13 January: GitBook search incident post-mortem
Between Friday 10th and Monday 13th January, sites published with GitBook suffered a degraded search experience. During these 3 days, we estimate around a quarter of searches resulted in "no results" - even though content matching the search existed.
What happened
On the 10th, we updated a third-party library used in the infrastructure of GitBook sites. The new version of the dependency contained an undocumented change that created a situation where search requests occasionally returned no results. This didn't come up during our automated tests or QA due to inconsistent nature of the issue. Later that day, after realising this update was the source of the issue, we reverted the change whilst we investigated further.
In order to keep your docs loading fast, we ensure GitBook content is available in multiple locations across the globe.
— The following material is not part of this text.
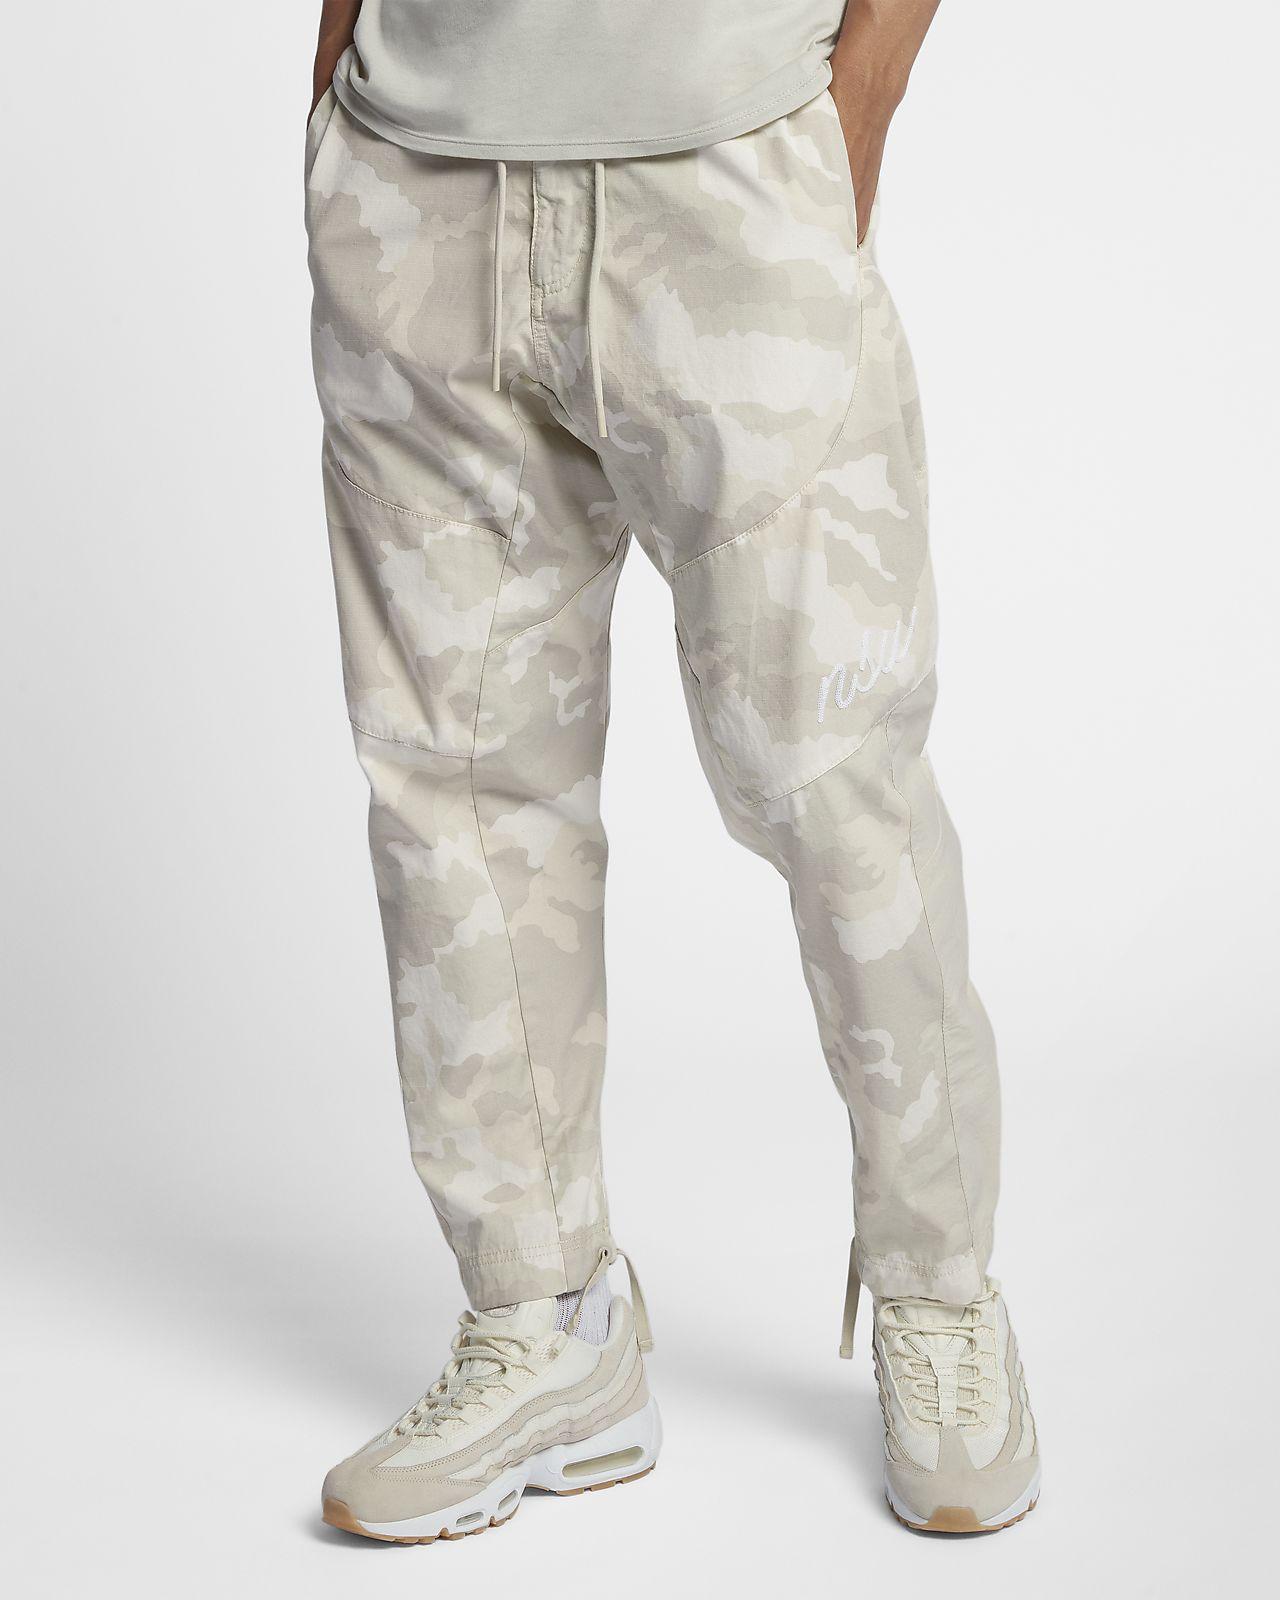 1813a088b Nike Sportswear NSW Men s Woven Camo Joggers. Nike.com GB

Normally, we see changes deployed across all data centres within a few minutes. However, we continued to receive reports of empty searches later in the day on the 10th.
Over the weekend we investigated why our CDN was lagging behind and identified a configuration issue with our CDN provider that prevented this change from being pushed as quickly as normally. After resolving the issue with our CDN provider on Sunday, the changes pushed out at the speed we expected. By the end of Monday, all data centres were up-to-date.
Action items
As the incident took place over the weekend, response time was slightly slower - especially as we had to reach out to our CDN provider. We'll work internally on a better procedure for handling issues outside of working hours.
We're working a lot more closely with our CDN provider to audit our configuration and make sure GitBook content can continue to scale across the globe without the risk of downtime.
We've improved the robustness of our QA passes for published content - including specific tests for search and Ask AI.